What’s necessary in funds transfer applications is a broad model of device state, and a recognition that network connectivity state has to be considered within this broader model. If you think about that, you can start to deduce what would be useful to know about in order to define the current state of a device, and also what you’d have to know to manage a transition back to its normal state. Today, we’d probably think of this situation as a series of hierarchical intent models. The highest-level model, the one representing the device, would have perhaps three sub-models. The first would be physical-device state (is it powered, where are the switches and doors and so forth), the second would be the transaction state (where are we in withdrawal or deposit or inquiry), and the final one the connection state. Each of these three would contribute to the device state, meaning that some conditions generated or recognized by the lower models would have to be signaled to the top layer. Looking at things this way lets us decide better just what we need to know and do, the actionability dimension.

I can’t tell you how many problems I’ve found in distributed systems or applications simply by trying to lay out the state/event processes. In some cases, I found that there was a state of a device/element that, once entered, couldn’t be reliably exited at all. In some cases, I found that there was a condition that could occur, but that didn’t result in a reliable event to signal it.

This might sound like a commercial for observability, for introducing signaling points in applications to make a specific condition “observable”, but it’s more than that. As I said in my opening, the question of how you know what you need to observe comes into play. My original ExperiaSphere project included a logging of what I knew were significant conditions, but that quickly became a major QoE bottleneck, so I had to make the process of creating log events selective, identifying classes of event and letting each one be set on or off. I discovered some of my loggings never got set on at all, which means I was observing something that never mattered.

Another problem showed up with multi-tenant systems. The shared, underlying, infrastructure that was used by all tenants was necessarily something whose state impacted them all. As a result, it was common for the applications or services to check the state of infrastructure elements, and as the number of tenants multiplied, the overhead associated with this polling became a performance factor. It was necessary to have the status management of the infrastructure abstracted by a single system, which could then poll at regular intervals and expose its own APIs to tenants to prevent the infrastructure itself from being overloaded with status requests.
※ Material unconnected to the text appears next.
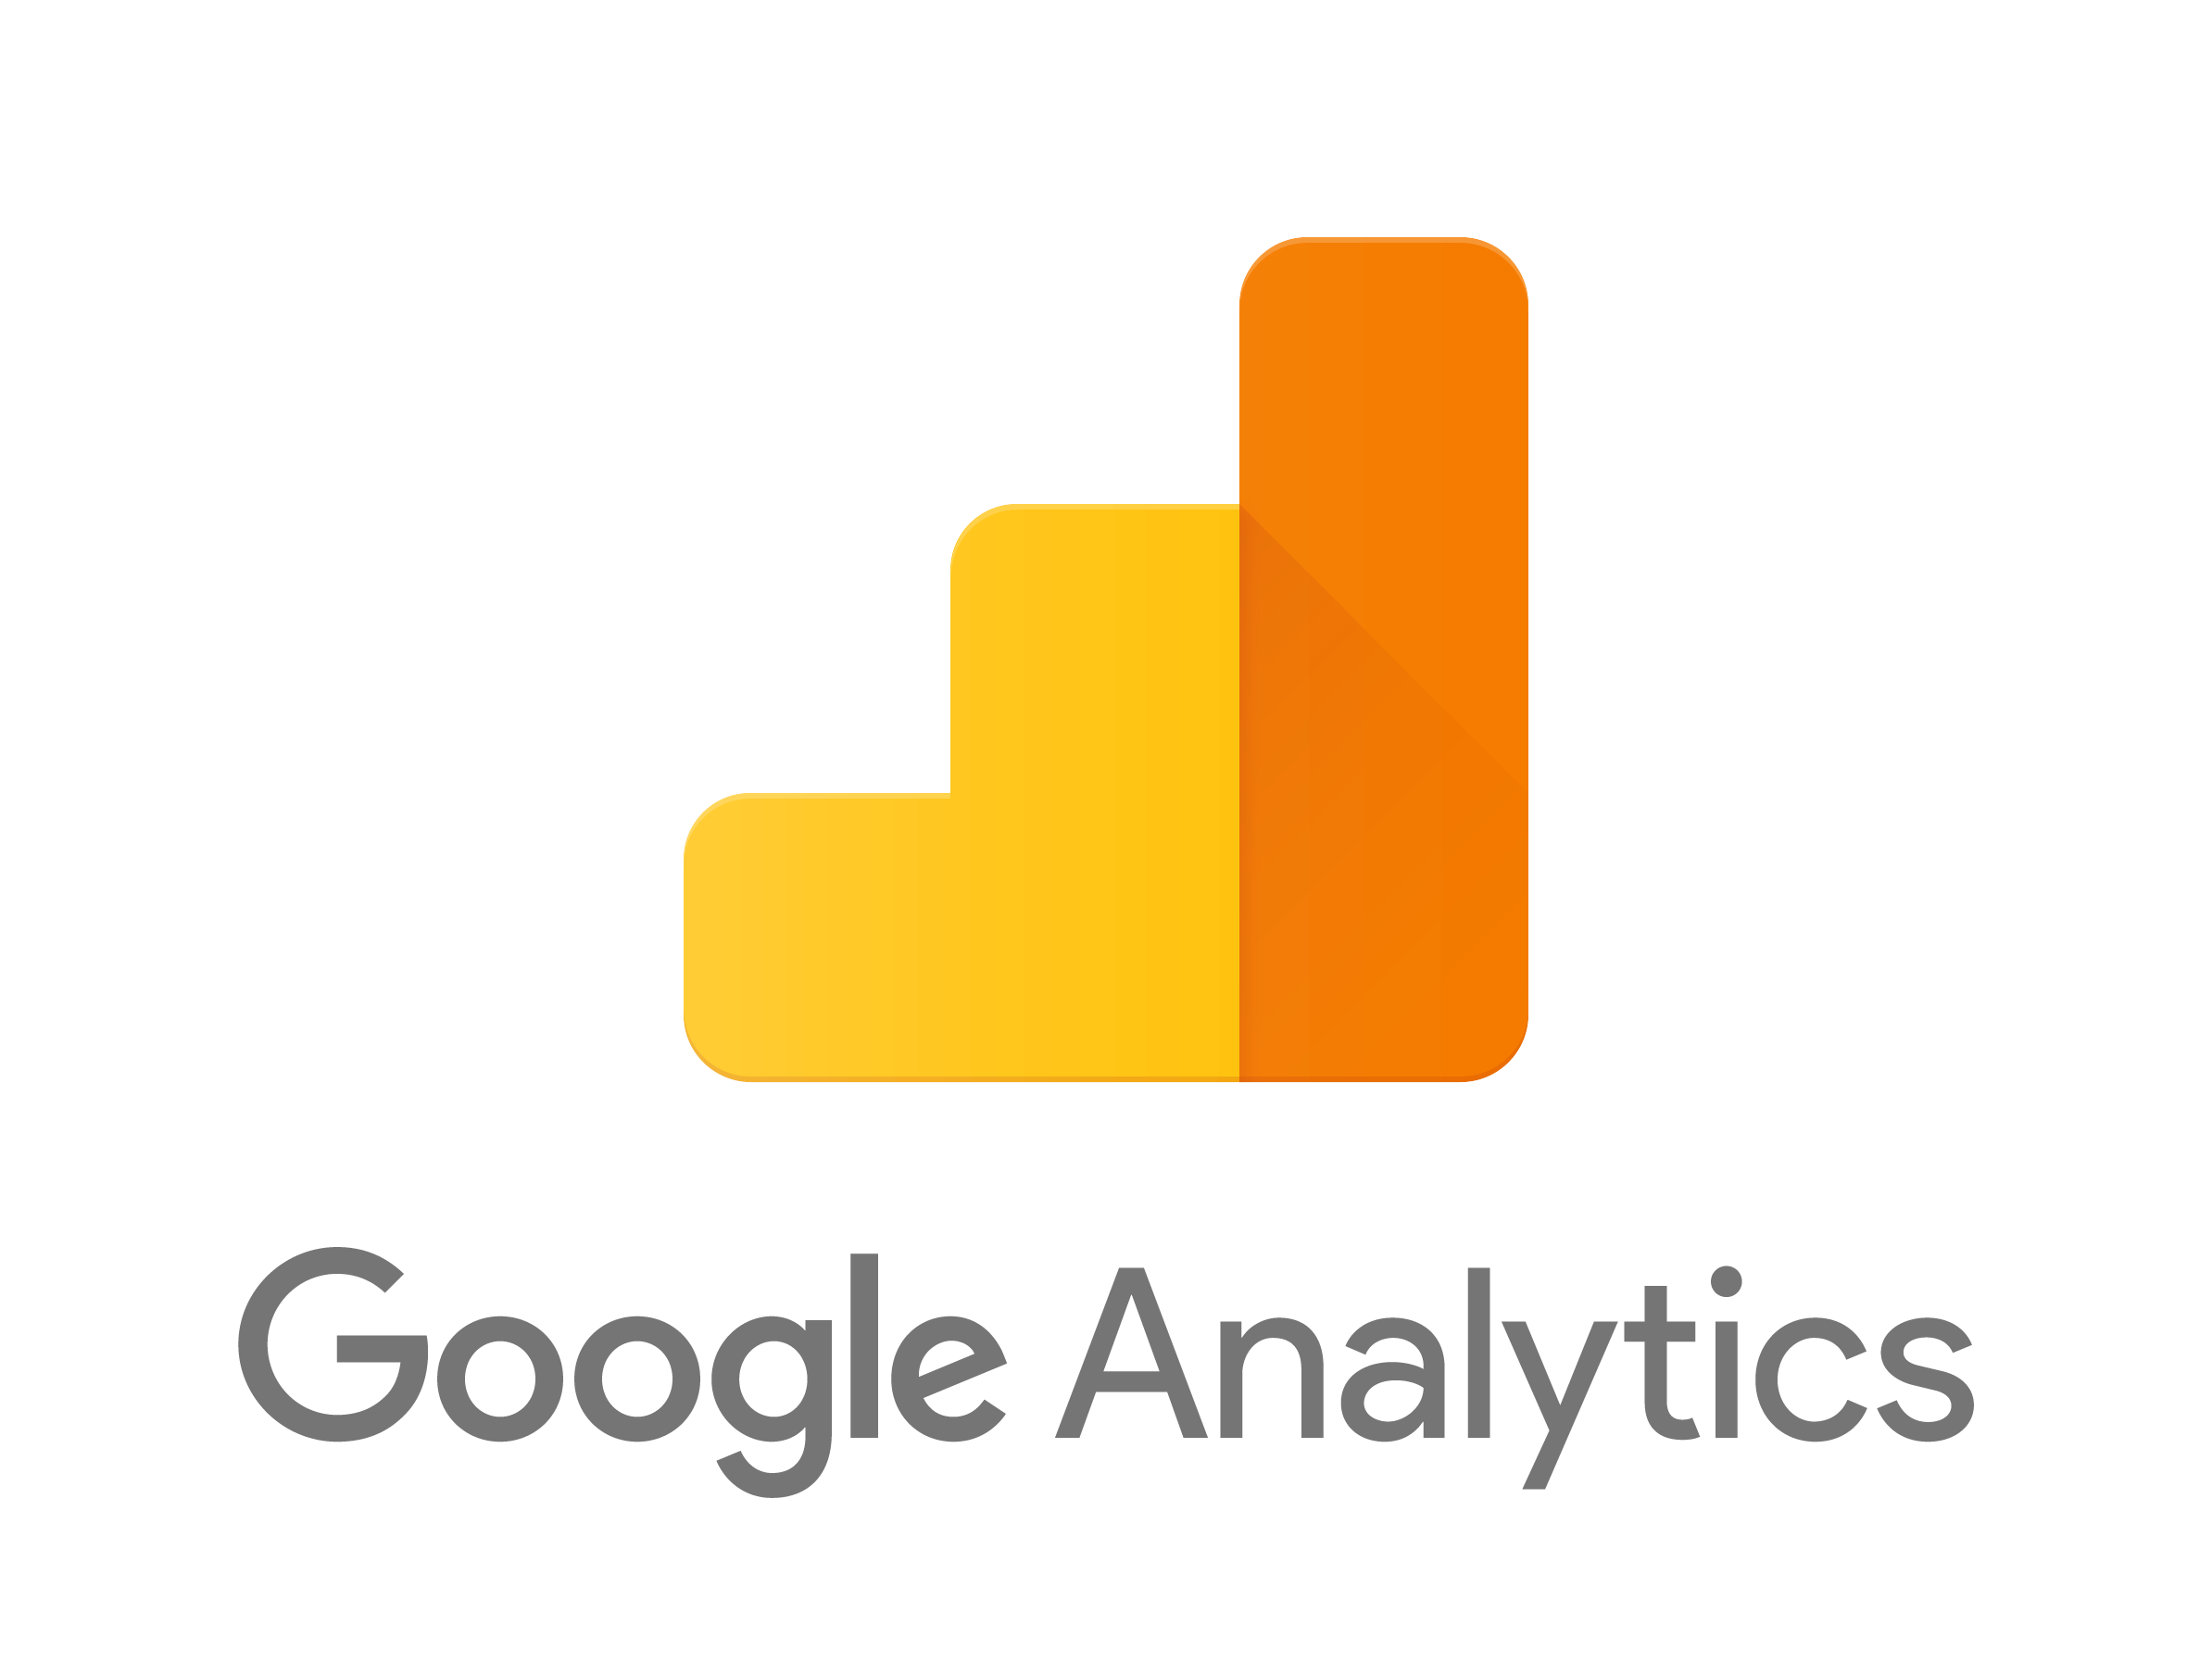 Google analytics tool verwendet man um webseiten trafik zu analysieren und verbesern

These points illustrate the risk of both monitoring and observability, which is that the processes succeed only if some planning in advance yields reasonable points from which to gather information, and if remedial steps are identified not just vaguely, but in the form of state transitions. All of this means (in today’s terms) an intent-model basis for structuring infrastructure, services, and applications. From that, it’s possible to ensure that the right information is available and that remedies can be applied without any failures arising out of a failure to consider the steps involved and what drives the system from step to step.

I have to wonder whether we’ve advanced both networking and applications to create complex distributed systems while we’re still thinking monoliths. We think of linear processes that, before and after doing something, insert a check of status, instead of thinking of an event-driven system. I see that thinking in ONAP, for example. It’s a comforting way of viewing these complex systems because it’s based on how humans inherently want to sequence and organize things, but the world isn’t either of the two. Events represent a record of chaos, in effect, and if we want to control it we have to do more than just throw information at it. We have to organize our lifecycle tasks, and draw what’s needed into our processes. There’s no other way.